### How to complete this task
Only the lines from the beginning of the data through the line holding "Conceito da liberdade" belong in the answer, printed exactly and without pictures.

### Dataset extract
Segment Open
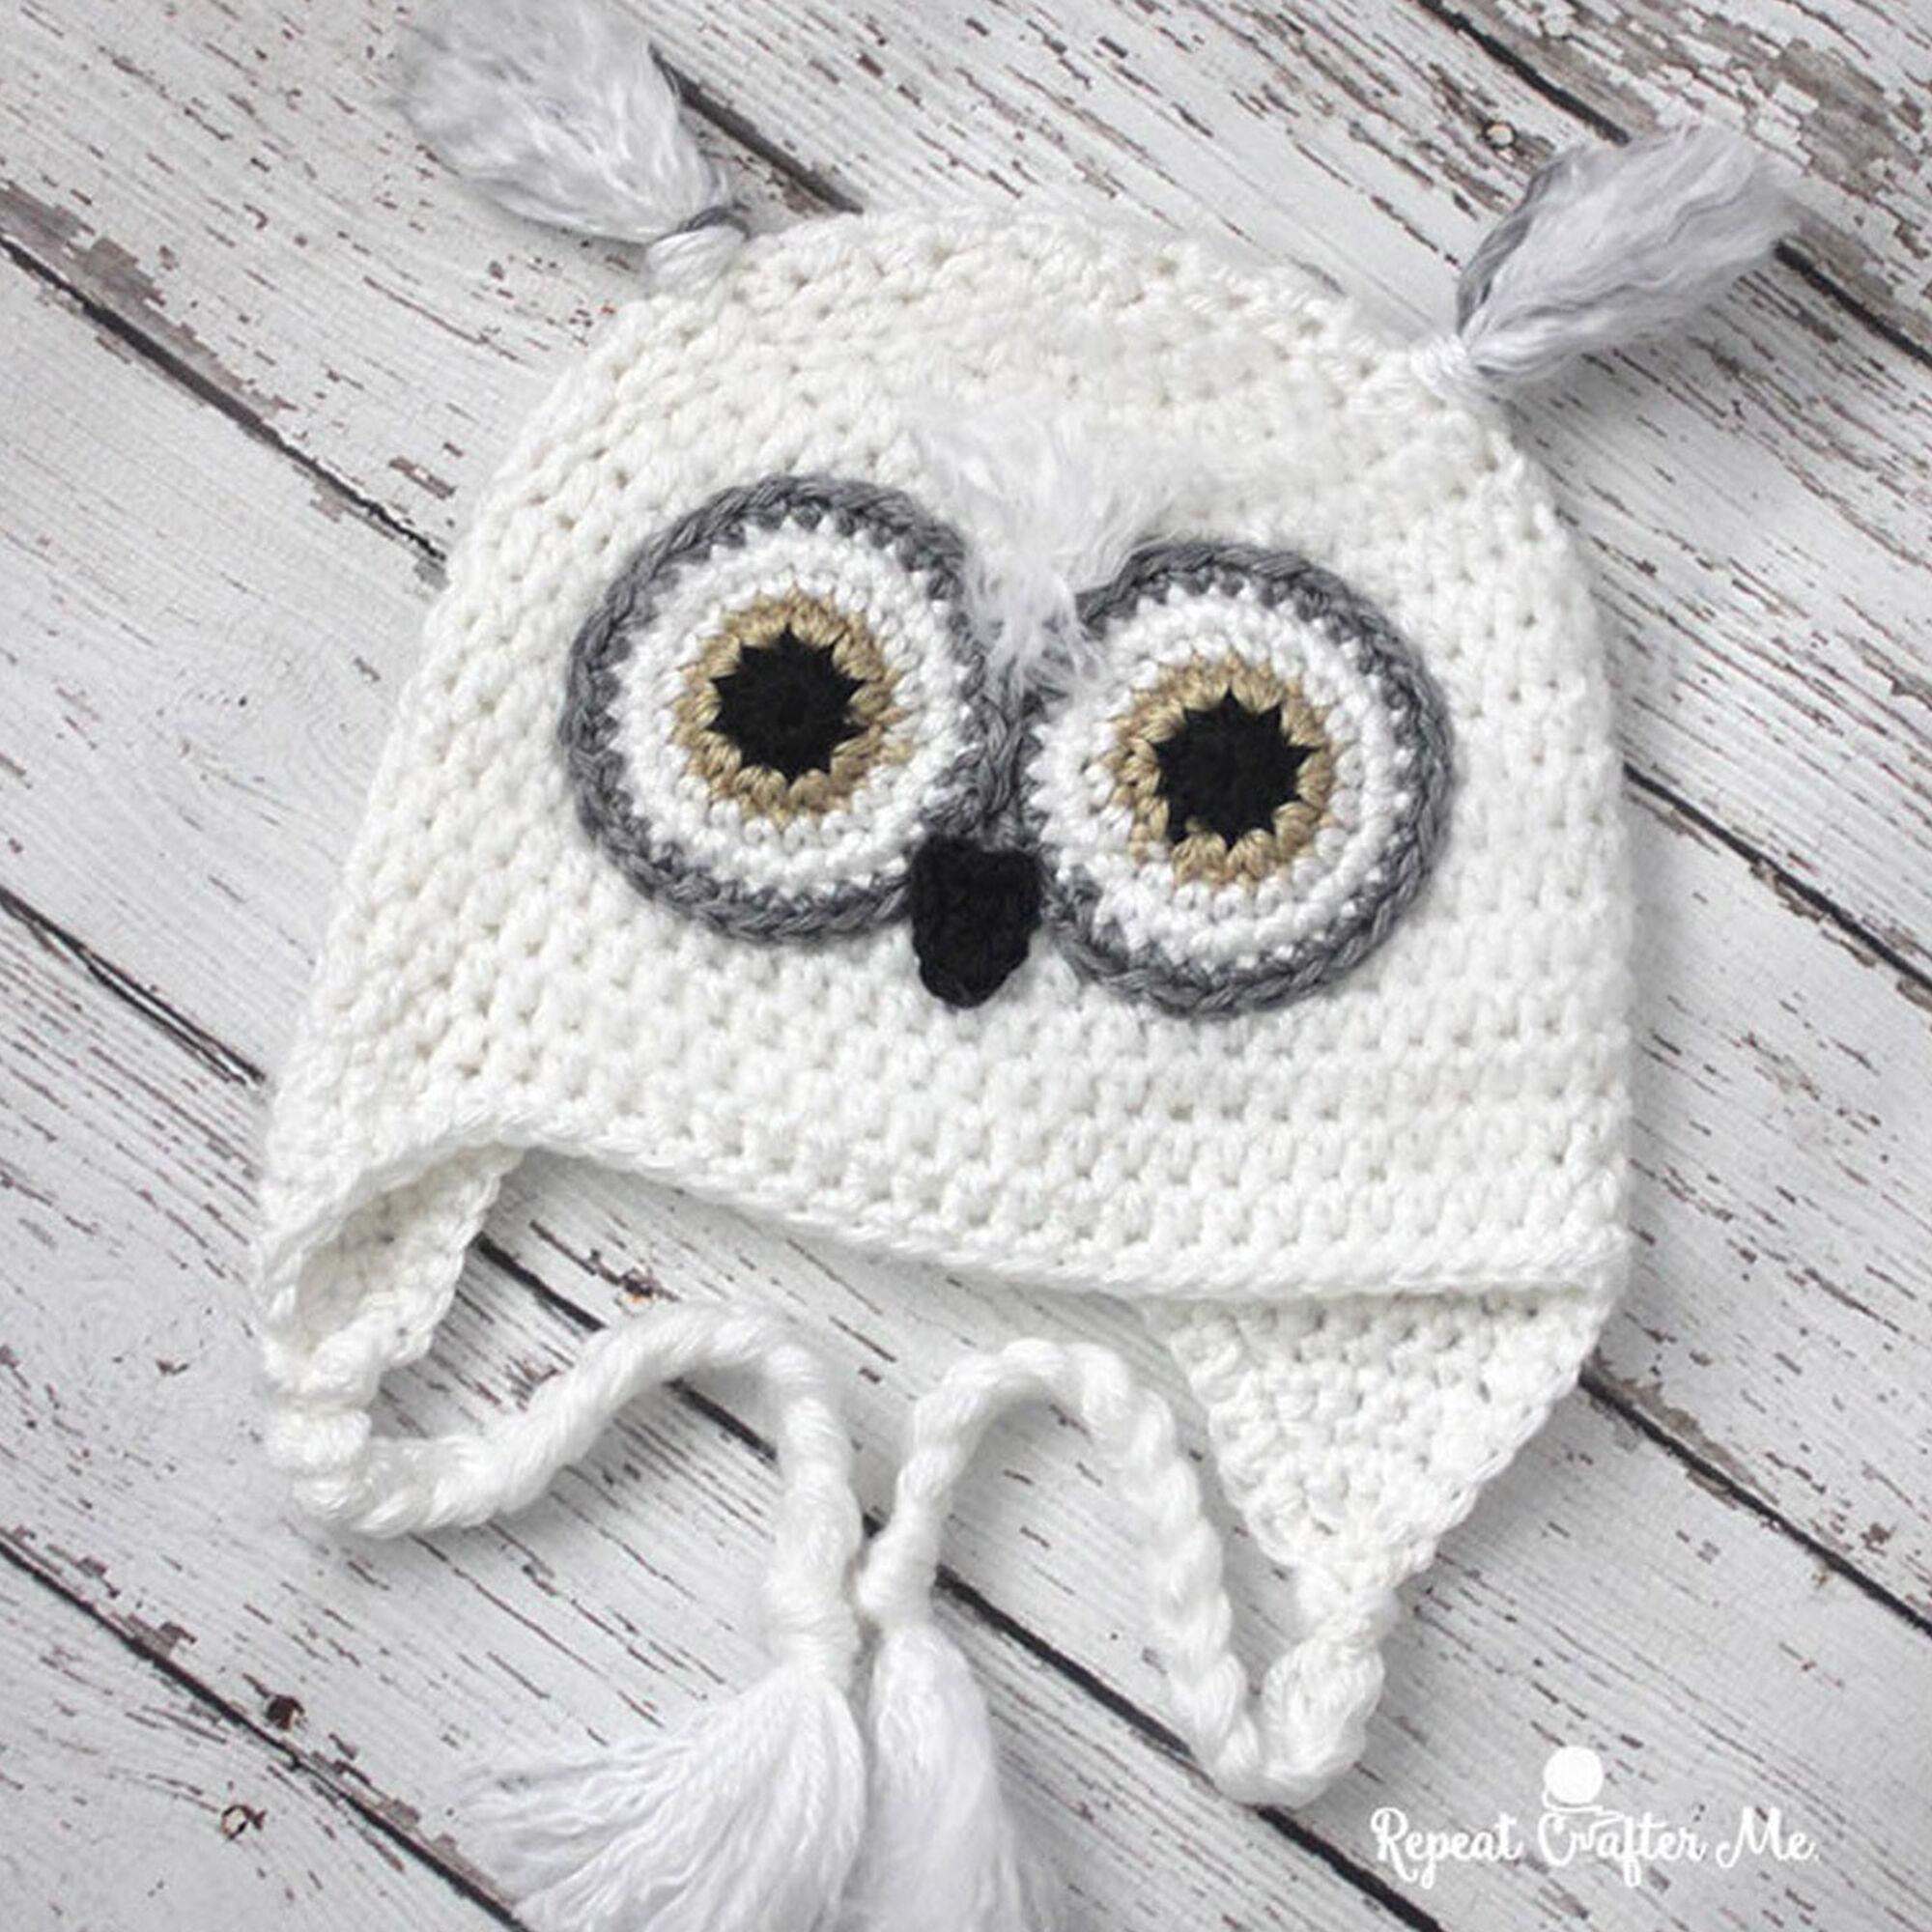 1df2ca4de8c More Inspirational Images. Caron Snowy Owl Crochet Hat ...
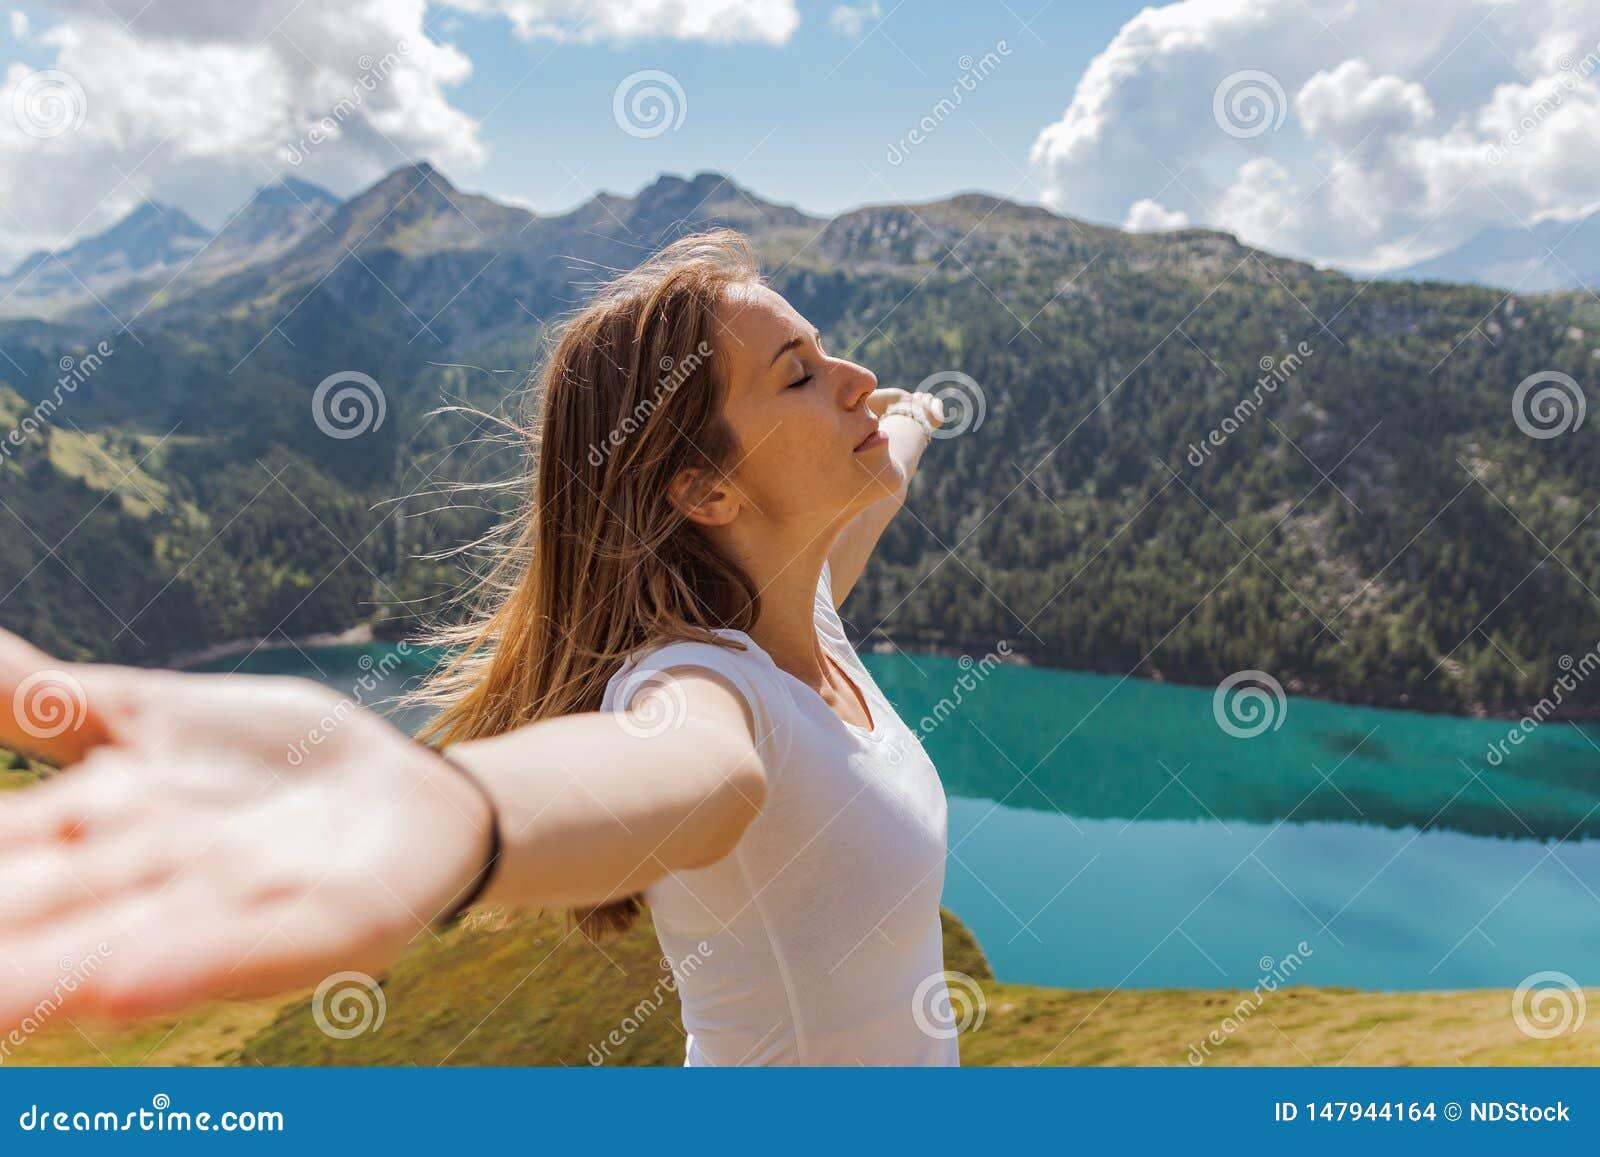 Conceito da liberdade de uma jovem mulher com seus braços aumentados apreciando o ar fresco e o sol
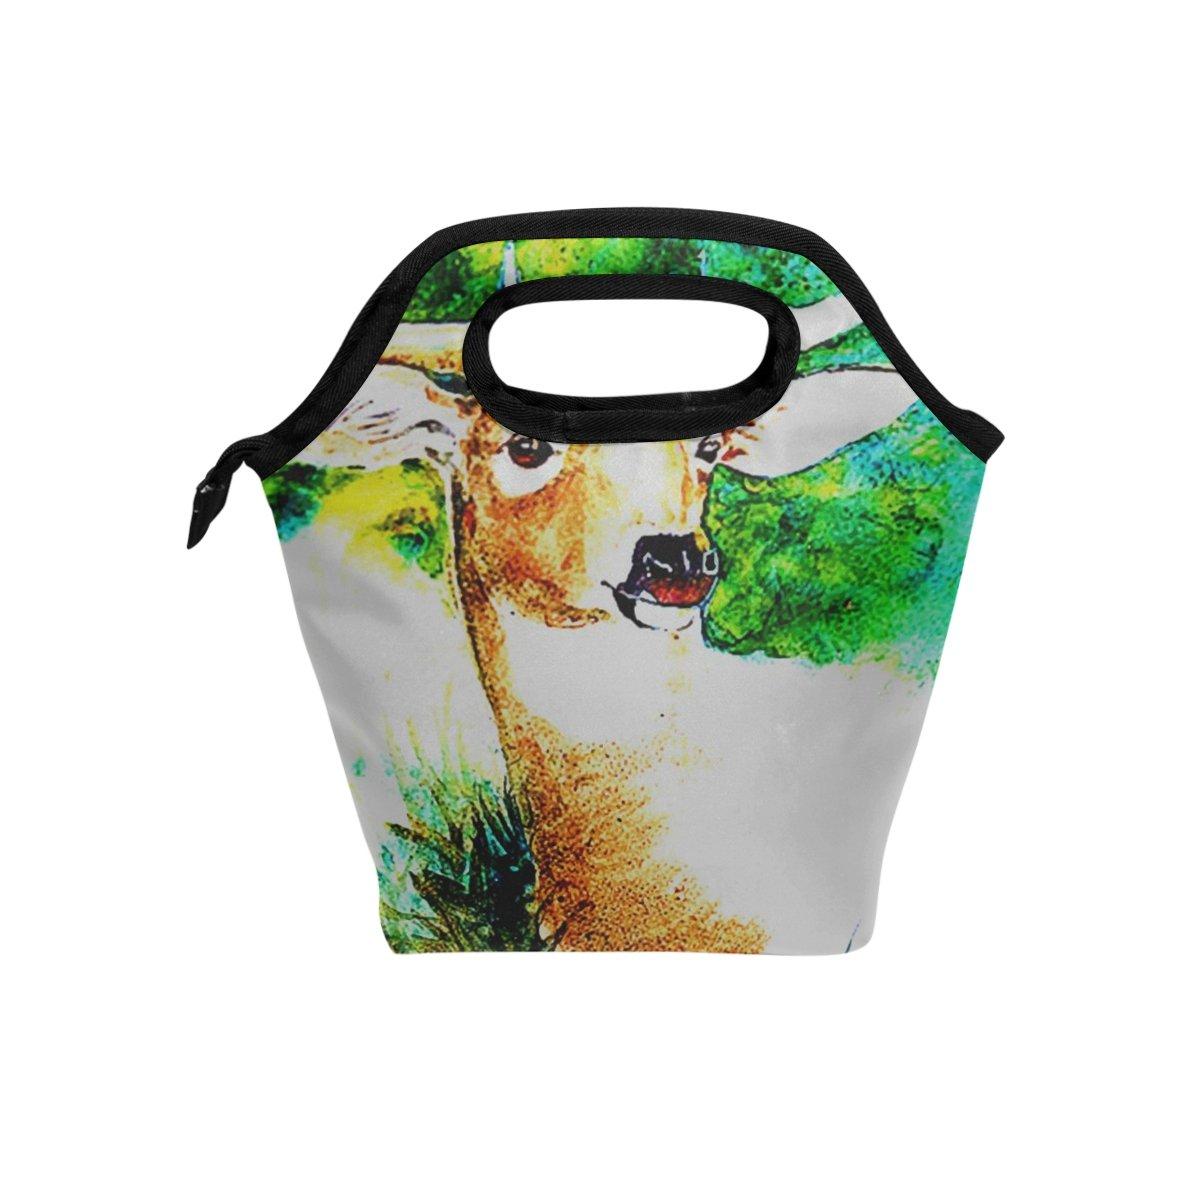 JSTEL - Bolsa de almuerzo con diseño de poros poros poros verdes, bolsa para el almuerzo, contenedor de alimentos, para viajes, picnic, escuela, oficina dff332
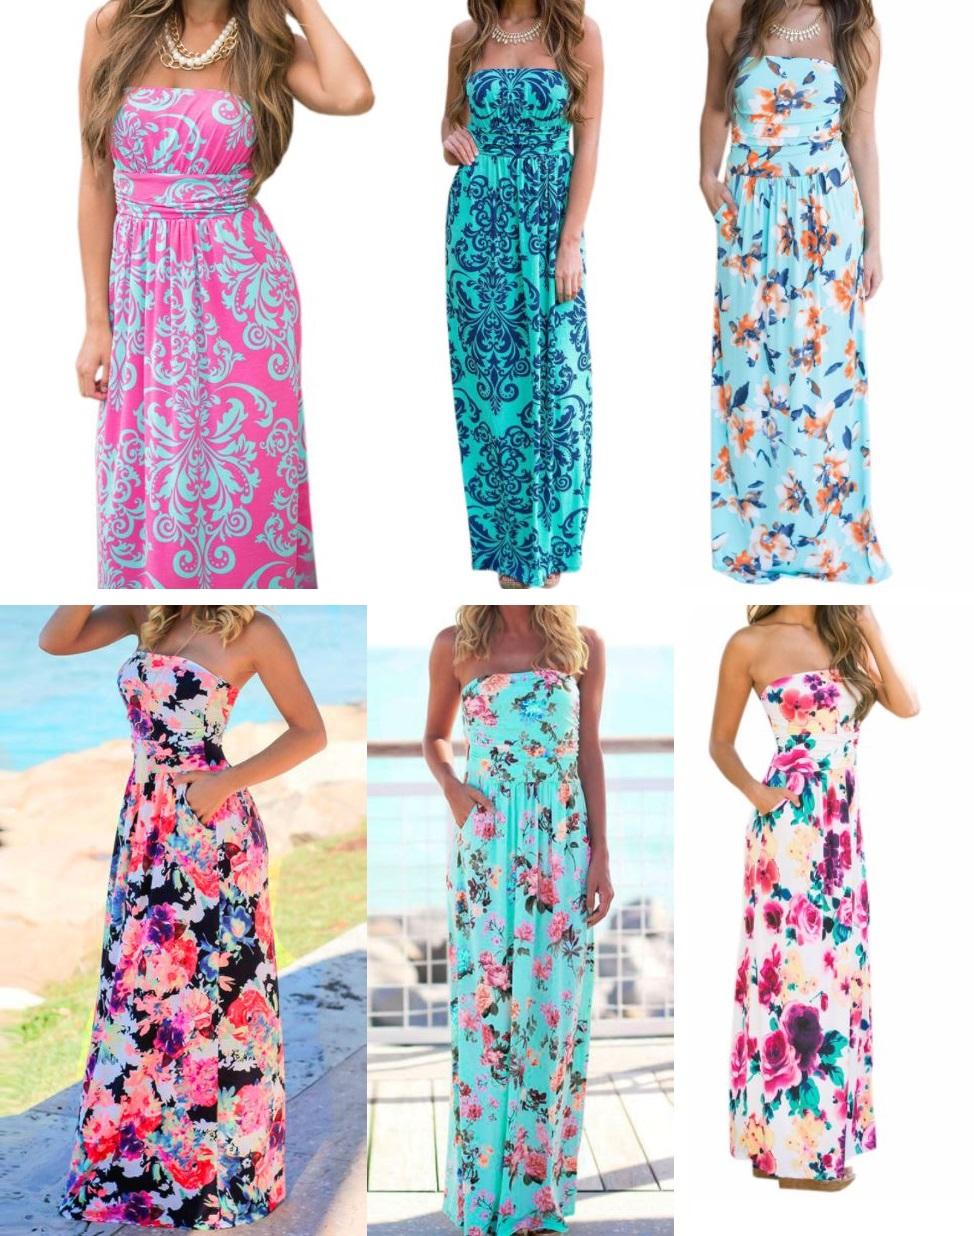 BAREVNÉ letní dámské šaty da26834242
Segment Closed
### Solution to this exercise
 1df2ca4de8c More Inspirational Images. Caron Snowy Owl Crochet Hat ...
 Conceito da liberdade de uma jovem mulher com seus braços aumentados apreciando o ar fresco e o sol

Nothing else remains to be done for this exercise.